Delta Broadcasting System, Inc. (DBS) is a media company owned by El Shaddai leader Bro. Mike Velarde. Its studios and offices at the Queensway Commercial Center Building, 118 Amorsolo Street, Legaspi Village, Makati. It registered at the Securities and Exchange Commission on March 2, 1992. It operates DWXI 1314 kHz AM, an AM radio station which is started in 1981,  and DBS TV Channel 35, a UHF television station.

History
In 1981, at the height of his real estate business expansion around what is now Ninoy Aquino International Airport, Bro. Mike bought the DWXI 1314 an AM Radio Station from its owner-operators for ₱ 2 million, because he needed the parcel of land on which it stood. Besides, the owners would not sell the land unless the radio station was included in the deal. Later, the radio station alone would cost him millions more to sustain its operations.

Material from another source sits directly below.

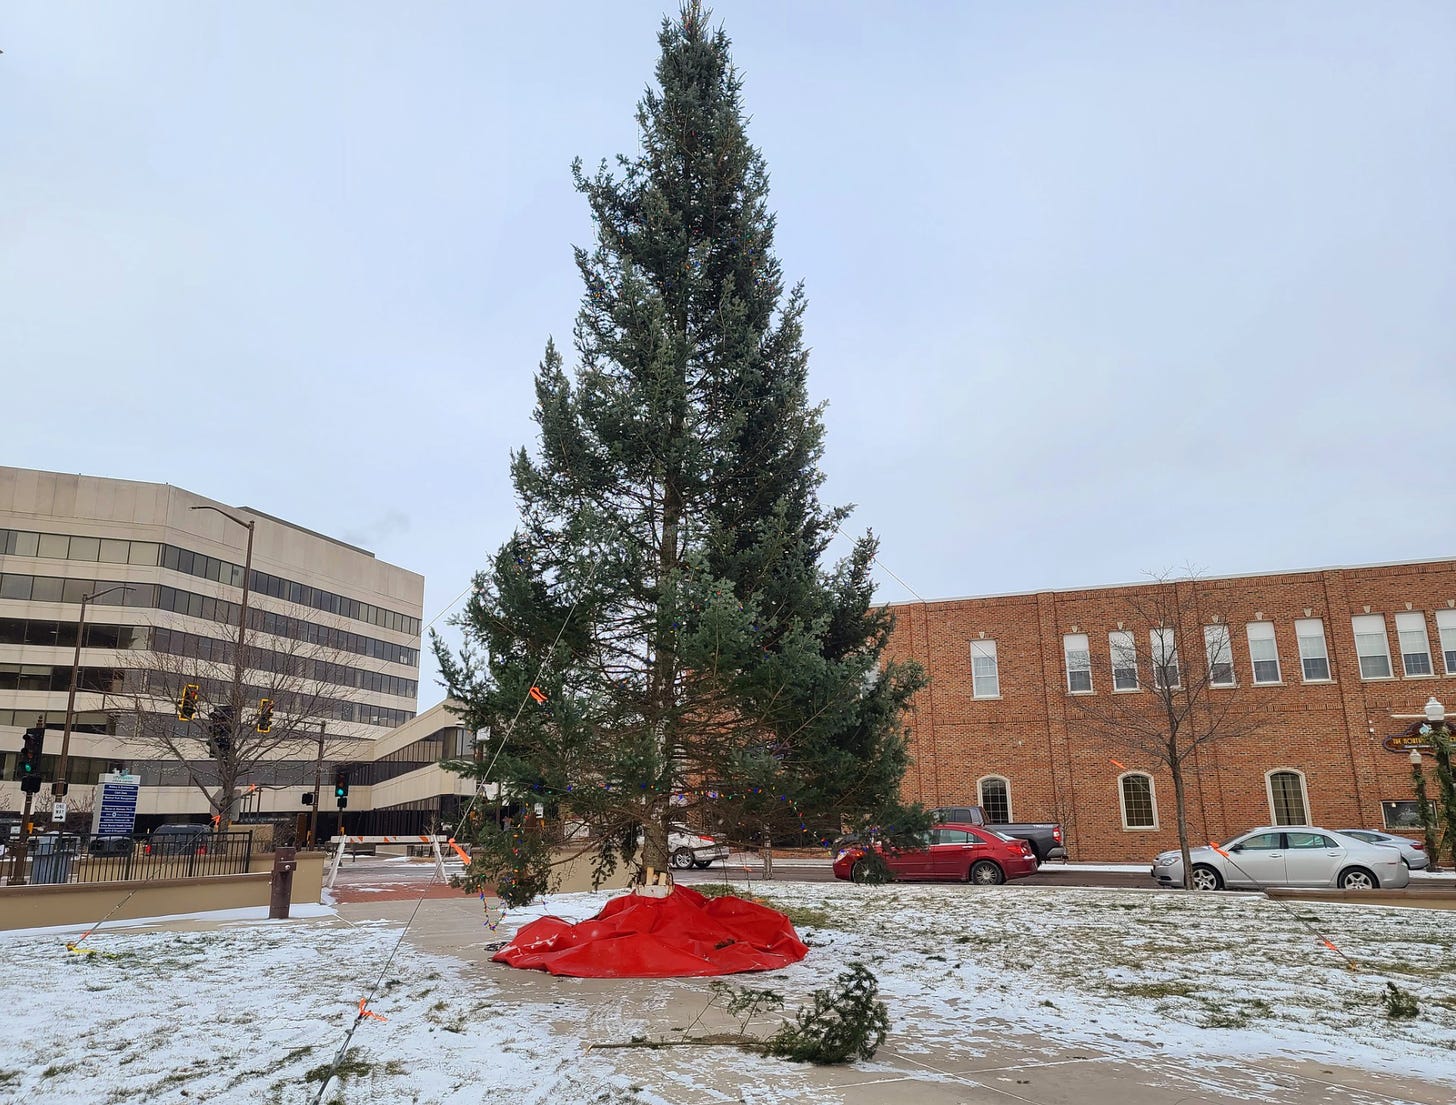 A tall pine christmas tree in the town square during the day. Broken branches are on the ground, a red blanket is wrapped around the base. The photo is taken from a low angle with a flat grey sky in the background. This tree had fallen, but now is upright being held in place by cables stake in around it.
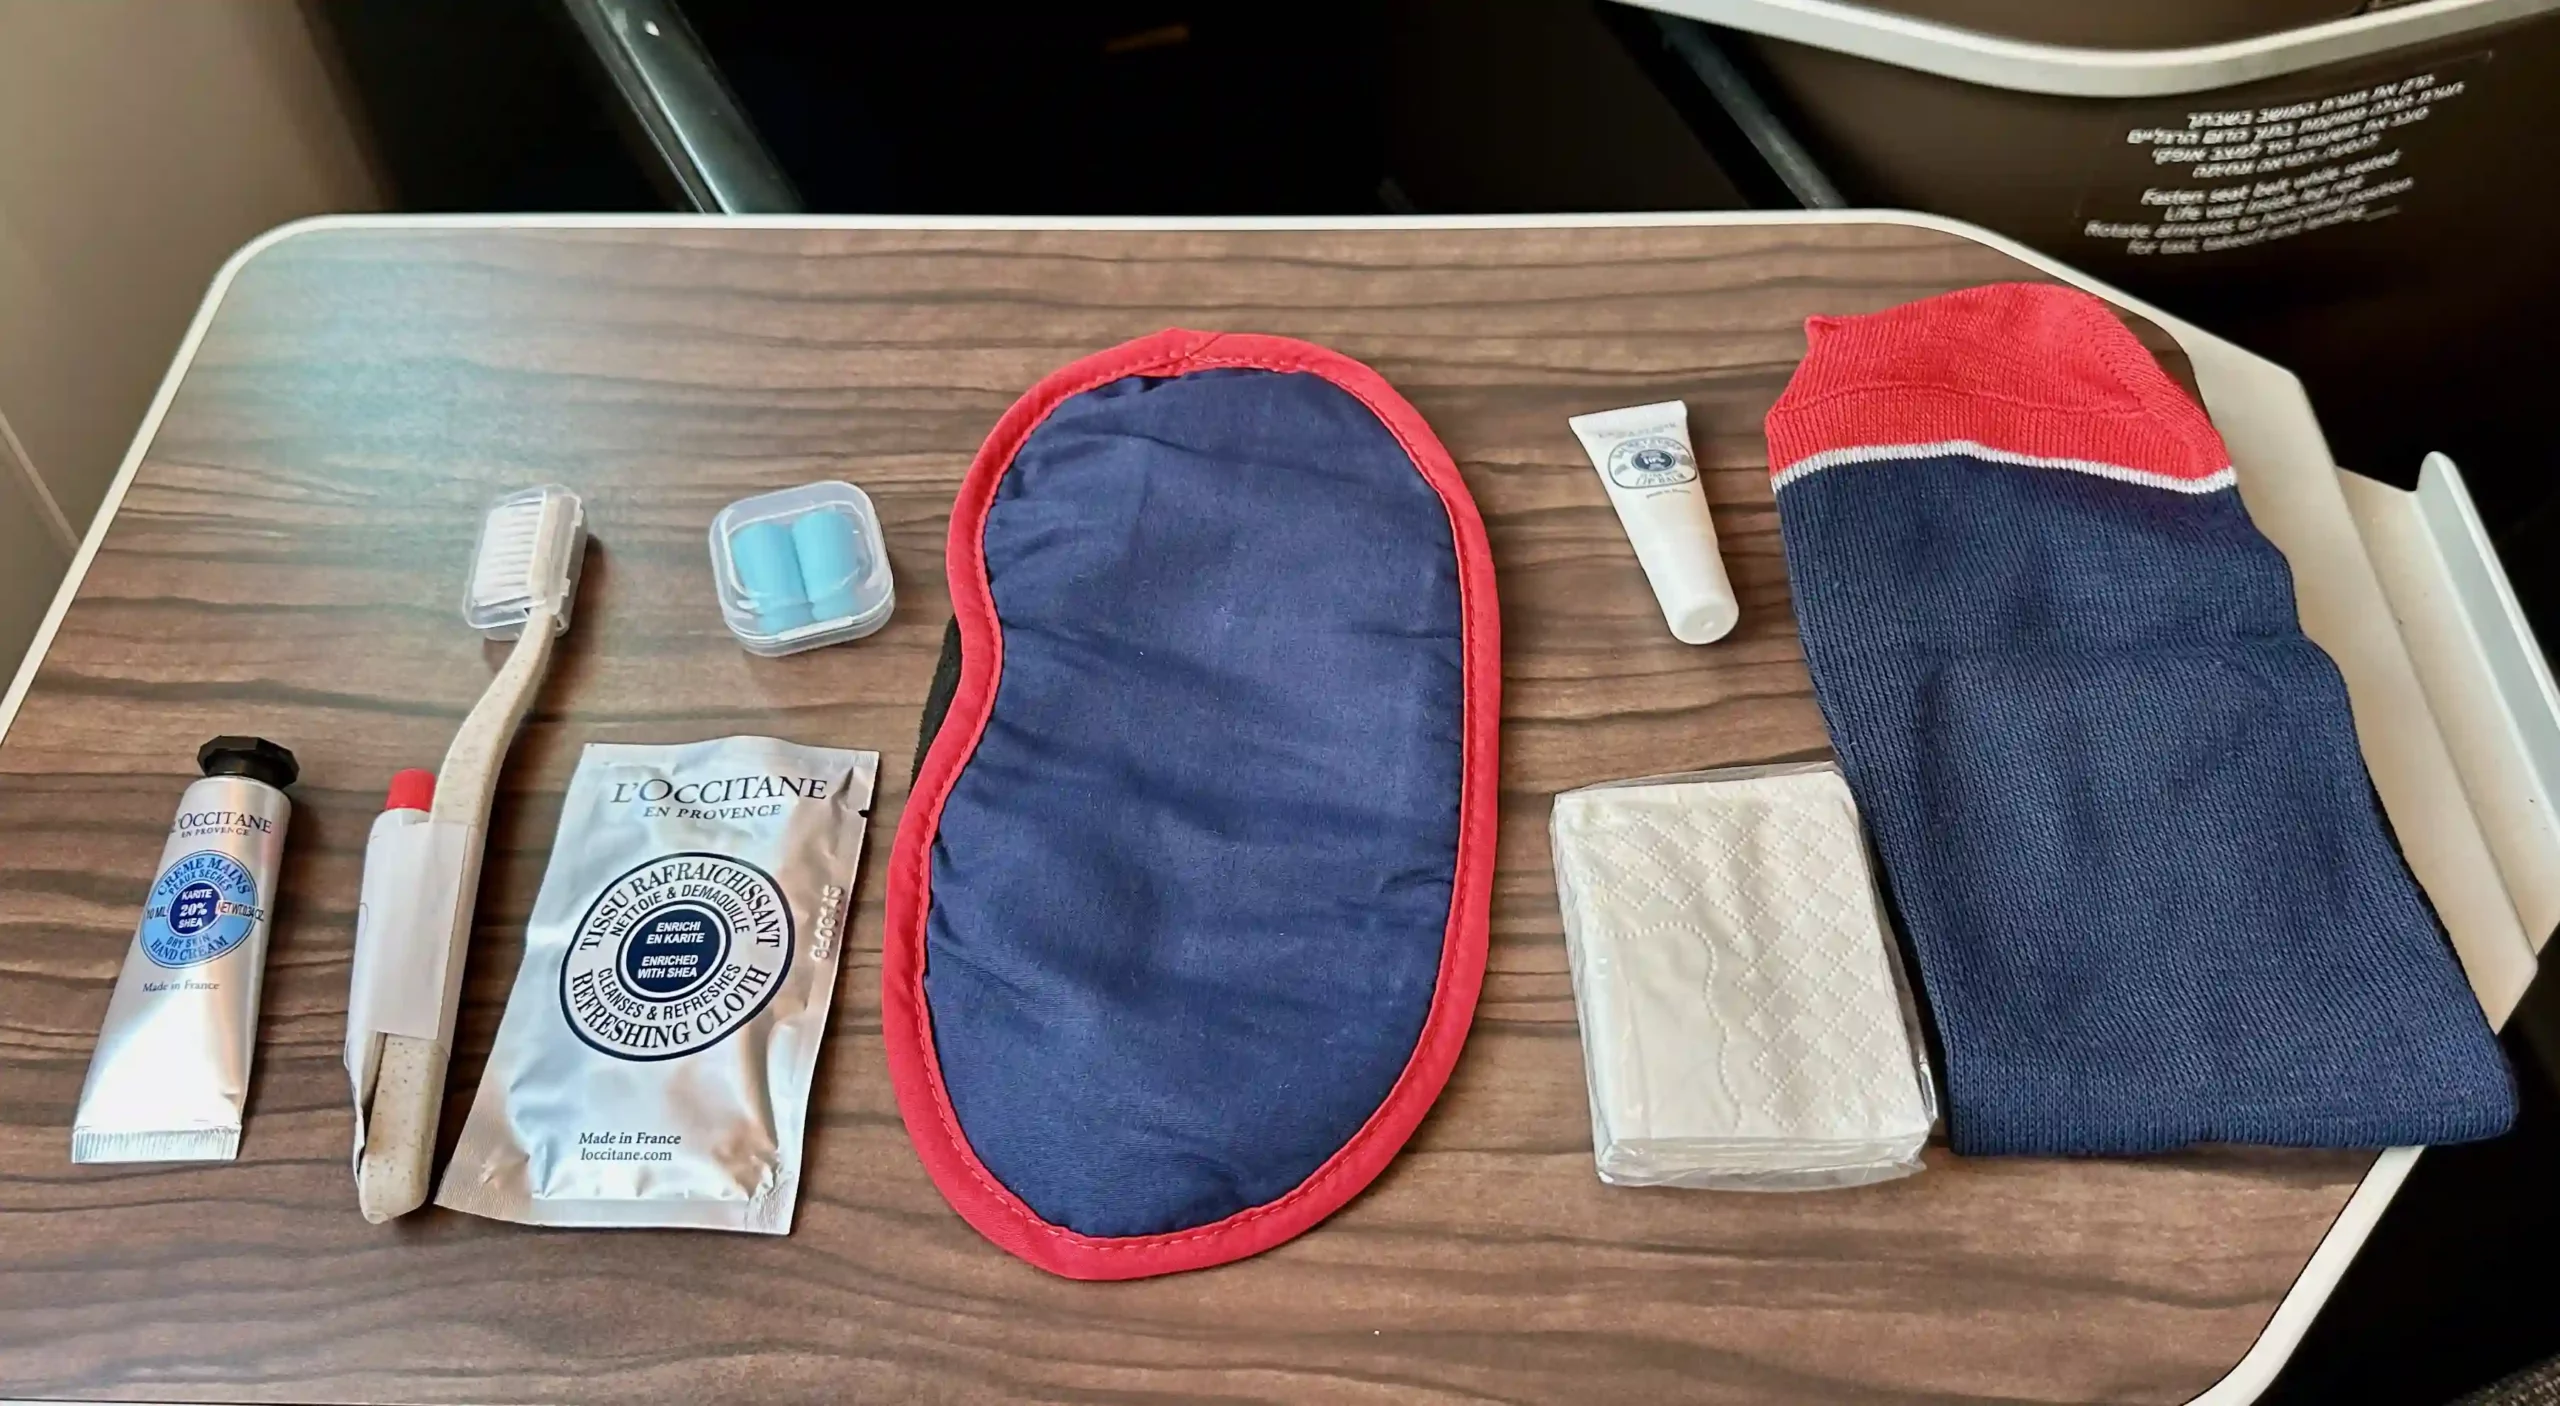 a sleeping bag and other items on a table

In 1995, DBS TV was launched on VHF Channel 11. It shows religious TV Shows, including El Shaddai. In 1998, ZOE Broadcasting Network, through its head Jesus is Lord leader Eddie Villanueva, bought Channel 11 and DBS TV moved to UHF Channel 35. Around 2004, it ceased broadcasting due to poor ratings & lack of funds; radio broadcasts of the movement's activities continued on DWXI-AM, however.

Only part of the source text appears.